Data were collected on all individuals in two block of lab work. Within each block, each animal was tested 3 times, once against an ‘intruder’ of each size. The test order in which each animal experienced the three instruder sizes was randomised in each block. The body size of all focal individuals was measured at the beginning of each block so we know that too (and have two separate measures per individual).
17.2.3.2 looking at the data
Let’s load the data file unicorns_aggression.csv in a R object named unicorns and make sure we understand what it contains
You can use summary(unicorns) to get an overview of the data and/or str(unicorns) to see the structure in the first few lines. This data frame has 6 variables:
ID block assay_rep opp_size aggression
Length:480 Min. :-0.5 Min. :1 Min. :-1 Min. : 5.900
Class :character 1st Qu.:-0.5 1st Qu.:1 1st Qu.:-1 1st Qu.: 8.158
Mode :character Median : 0.0 Median :2 Median : 0 Median : 8.950
Mean : 0.0 Mean :2 Mean : 0 Mean : 9.002
3rd Qu.: 0.5 3rd Qu.:3 3rd Qu.: 1 3rd Qu.: 9.822
Max. : 0.5 Max. :3 Max. : 1 Max. :12.170
body_size
Min. :192.0
1st Qu.:229.7
Median :250.0
Mean :252.5
3rd Qu.:272.0
Max. :345.2
So the different columns in the data set are:
Individual ID
Experimental Block, denoted for now as a continuous variable with possible values of -0.5 (first block) or +0.5 (second block)
Individual body_size, as measured at the start of each block in kg
The repeat number for each behavioural test, assay_rep
Opponent size (opp_size), in standard deviations from the mean (i.e., -1,0,1)
aggression, our behavioural trait, measured 6 times in total per individual (2 blocks of 3 tests)
maybe add something on how to look at data structure closely using tables
17.2.4 Do unicorns differ in aggressiveness? Your first mixed model
Fit a first mixed model with lmer that have only individual identity as a random effect and only a population mean.
Why, so simple? Because we simply want to partition variance around the mean into a component that among-individual variance and one that is within-individual variance.
Important
We are going to use the function lmer() from the 📦 lme4 package. The notation of the model formula is similar as the notation for a linear model but now we also add random effects using the notation (1 | r_effect) which indicates that we want to fit the variable r_effect as a random effect for the intercept. Thus, in lmer notation a simploe model would be :
lmer(Y ~ x1 + x2 + (1 | r_effect), data = data)
Solution
A sensible researcher would probably take the time to do some exploratory data plots here. So let’s write a mixed model. This one is going to have no fixed effects except the mean, and just one random effect - individual identity.

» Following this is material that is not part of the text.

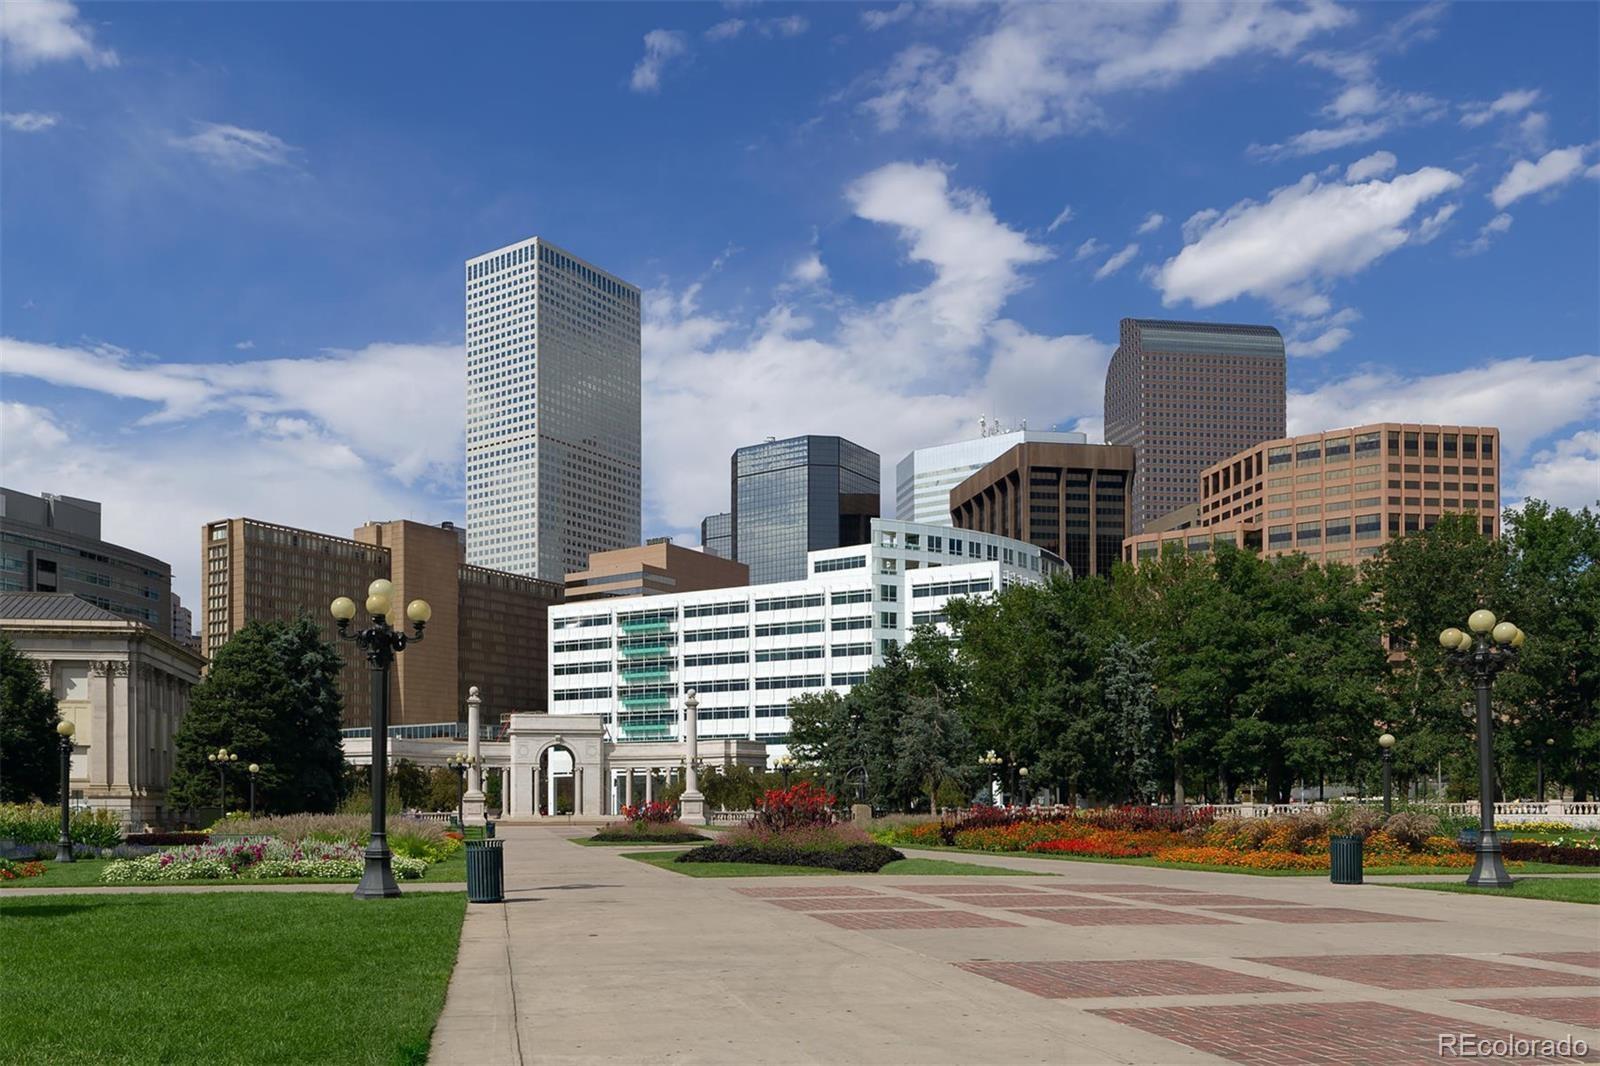 MLS# 3104729 - 1 - 80  W 10th Avenue, Denver, CO 80204

Linear mixed model fit by REML. t-tests use Satterthwaite's method [
lmerModLmerTest]
Formula: aggression ~ 1 + (1 | ID)
Data: unicorns
REML criterion at convergence: 1503.7
Scaled residuals:
Min 1Q Median 3Q Max
-2.68530 -0.73094 -0.04486 0.71048 2.74276
Random effects:
Groups Name Variance Std.Dev.
ID (Intercept) 0.000 0.000
Residual 1.334 1.155
Number of obs: 480, groups: ID, 80
Fixed effects:
Estimate Std. Error df t value Pr(>|t|)
(Intercept) 9.00181 0.05272 479.00000 170.7 <2e-16 ***
---
Signif. codes: 0 '***' 0.001 '**' 0.01 '*' 0.05 '.' 0.1 ' ' 1
optimizer (nloptwrap) convergence code: 0 (OK)
boundary (singular) fit: see help('isSingular')
In the summary you will find a table of fixed effects.
Fixed effects:
Estimate Std. Error df t value Pr(>|t|)
(Intercept) 9.00181 0.05272 479.00000 170.7 <2e-16 ***
The intercept (here the mean) is about 9 and is significantly >0 - fine, but not very interesting to us.
You will also find a random effect table that contains estimates of the among individual (ID) and residual variances.
Random effects:
Groups Name Variance Std.Dev.
ID (Intercept) 0.000 0.000
Residual 1.334 1.155
Number of obs: 480, groups: ID, 80
The among individual (ID) is estimated as zero. In fact this is what the cryptic warning was about: in most situations the idea of a random effect explaining less than zero variance is not sensible (strangely there are exception!). So by default the variance estimates are constrained to lie in positive parameter space. Here in trying to find the maximum likelihood solution for among-individual variance, our model has run up against this constraint.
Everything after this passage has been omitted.